Syndication Offers Alternative to Buyers

May 3, 2009  •  Post A Comment

If broadcasters stay bullish in the upfront, marketers may look for alternatives—and some of those ad dollars could be diverted to syndicated programming.
While syndicators are looking to trumpet the value of their product, they have less inventory to sell in the upfront than do broadcast or cable networks and are therefore unable to take a real leadership position, media buyers say.
“Over time, syndication has benefited from being a value proposition,” said Amy McMahon, associate activation director of media buyer Starcom USA.
If the broadcasters try to keep prices high, “It may direct people to syndication,” she added.
Nevertheless, with the weak economy, buyers are expecting upfront ad revenues for the broadcasters, cable networks and syndicators to be smaller than last year. And there will be pressure from the buyers to roll back pricing.
That means it’s likely that the syndicators, who traditionally sell the bulk of their advertising during the upfront, will be doing more business in scatter this time around, one buyer said.
To some degree, that’s already taking place because some advertisers canceled last year’s upfront commitments.
“We’ve been writing scatter business, and are continuing to write scatter business,” said Bo Argentino, NBC Universal Domestic Television’s senior VP of advertising and media sales.
Ms. Argentino said it’s no surprise that an unusually high number of buyers opted out of their 2008 upfront commitments during the second quarter.
“Anyone that’s telling you that they didn’t have significant options, I think, is either exaggerating or the rare exception,” she said.
However, Ms. Argentino said that NBC had zero difficulties selling in the second quarter.
Companies that purchase advertising time from broadcasters during the upfront period are allowed to give back some of the time, but generally must notify the broadcaster 90 days before the start of a new quarter.
On Par
Media buyers are fairly confident that a similar number of advertisers will exercise their option in the third quarter as did in the second quarter.
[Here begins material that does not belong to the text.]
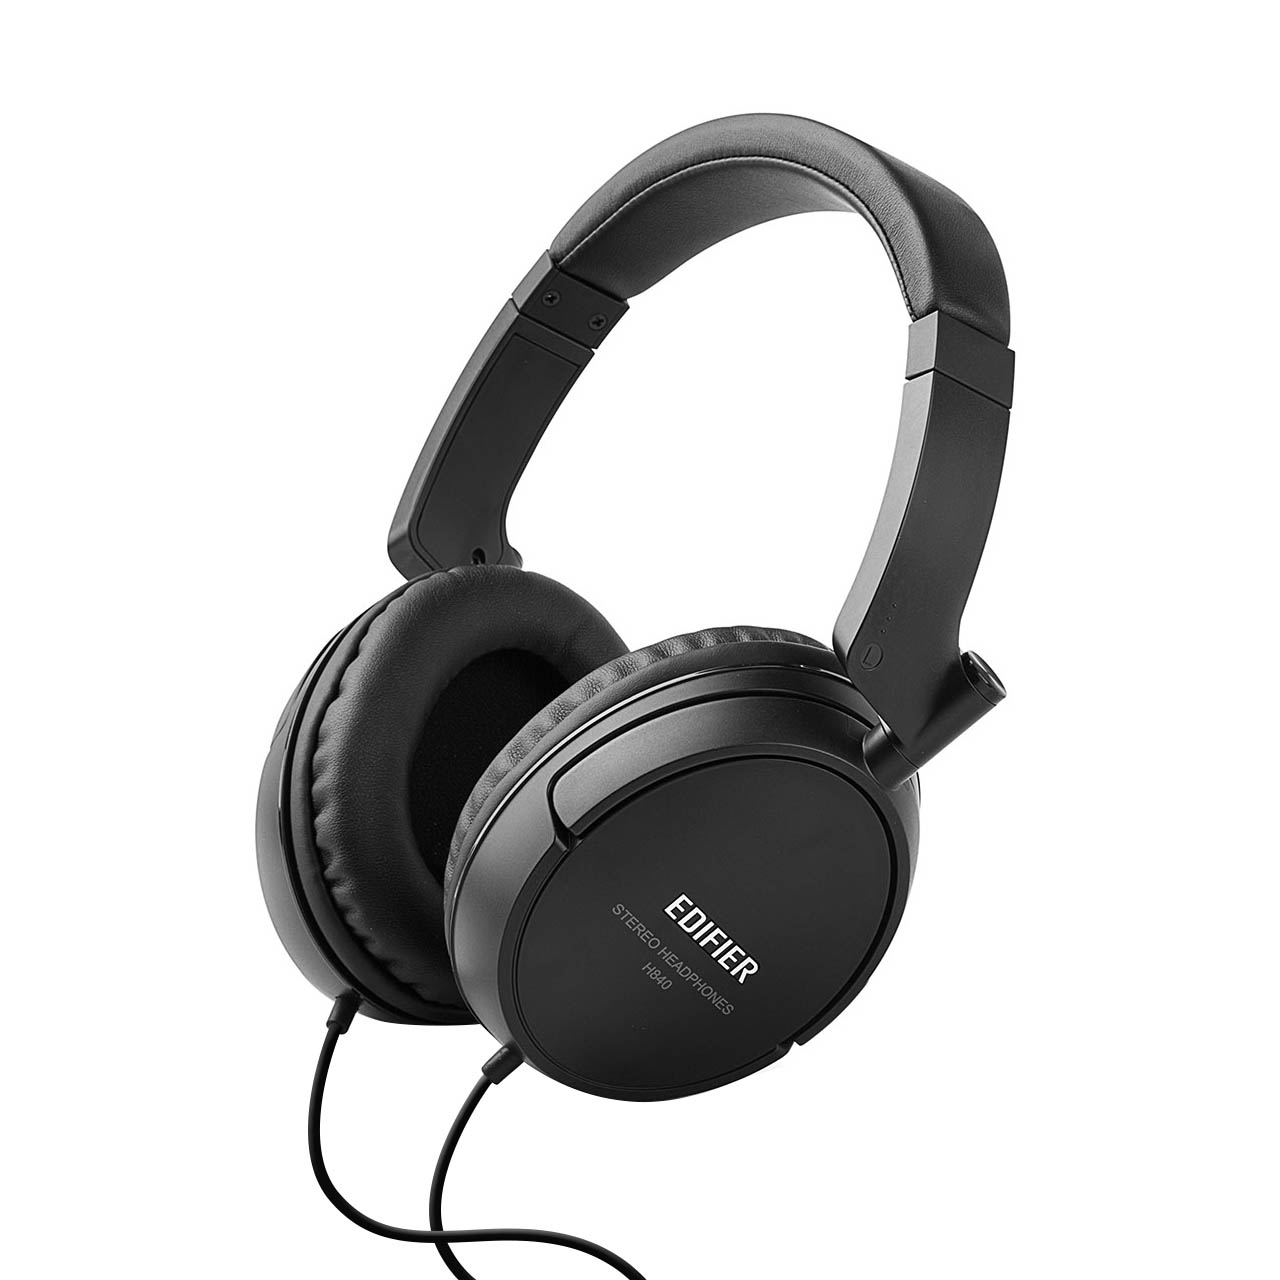 Edifier H840 Audiophile Over-the-ear Noise-Isolating Headphones - Black - image 1 of 7

As for the coming upfront, the struggling economy continues to force gyrating budgets, and marketers and buyers may wait longer and longer to lock in their advertising dollars.
“In the last down market, syndication didn’t get done until roughly August or September,” Ms. McMahon said.
“The recession has got everyone slowing down a little bit,” Ms. Argentino said. “Agencies and clients are spending a little bit more time preparing and getting comfortable with what they are preparing to commit.”
NBC’s newest property in broadcast syndication, “The Office,” as well as Twentieth Television’s “My Name Is Earl” and Sony Pictures Television’s first-run “The Dr. Oz Show,” are garnering interest in the syndication community, Ms. McMahon said.
“I think there’s a lot of hope for ‘Dr. Oz.’ Certainly he’s got a good pedigree with his relationship with Oprah and the fact that it’s being co-produced with Harpo,” Ms. McMahon said.
Syndication is showing off its integration chops this go-round, as the quality and amount of creative in-show branding has grown significantly in the past few years, Ms. McMahon added.
Howard Levy, executive VP of advertising sales for Disney-ABC Domestic Television, said “Live With Regis and Kelly’s” 2008 “High Heel-a-thon,” sponsored by Dr. Scholl’s, wouldn’t have been possible a few years ago.
The cost for the insurance alone, plus the additional cost of setting up an outdoor shoot for a race in high heels, would have been too much for the show to produce by itself.
Remaining Upbeat
Even with all the success, syndicators are optimistic that ad dollars will at least break even with last year, although buyers aren’t as convinced.
One buyer said syndication is going to take its advertising lumps just like the rest of the industry.
The sellers, on the other hand, wouldn’t talk specifics on how they expect this year’s upfront to finish, saying it’s too soon to tell.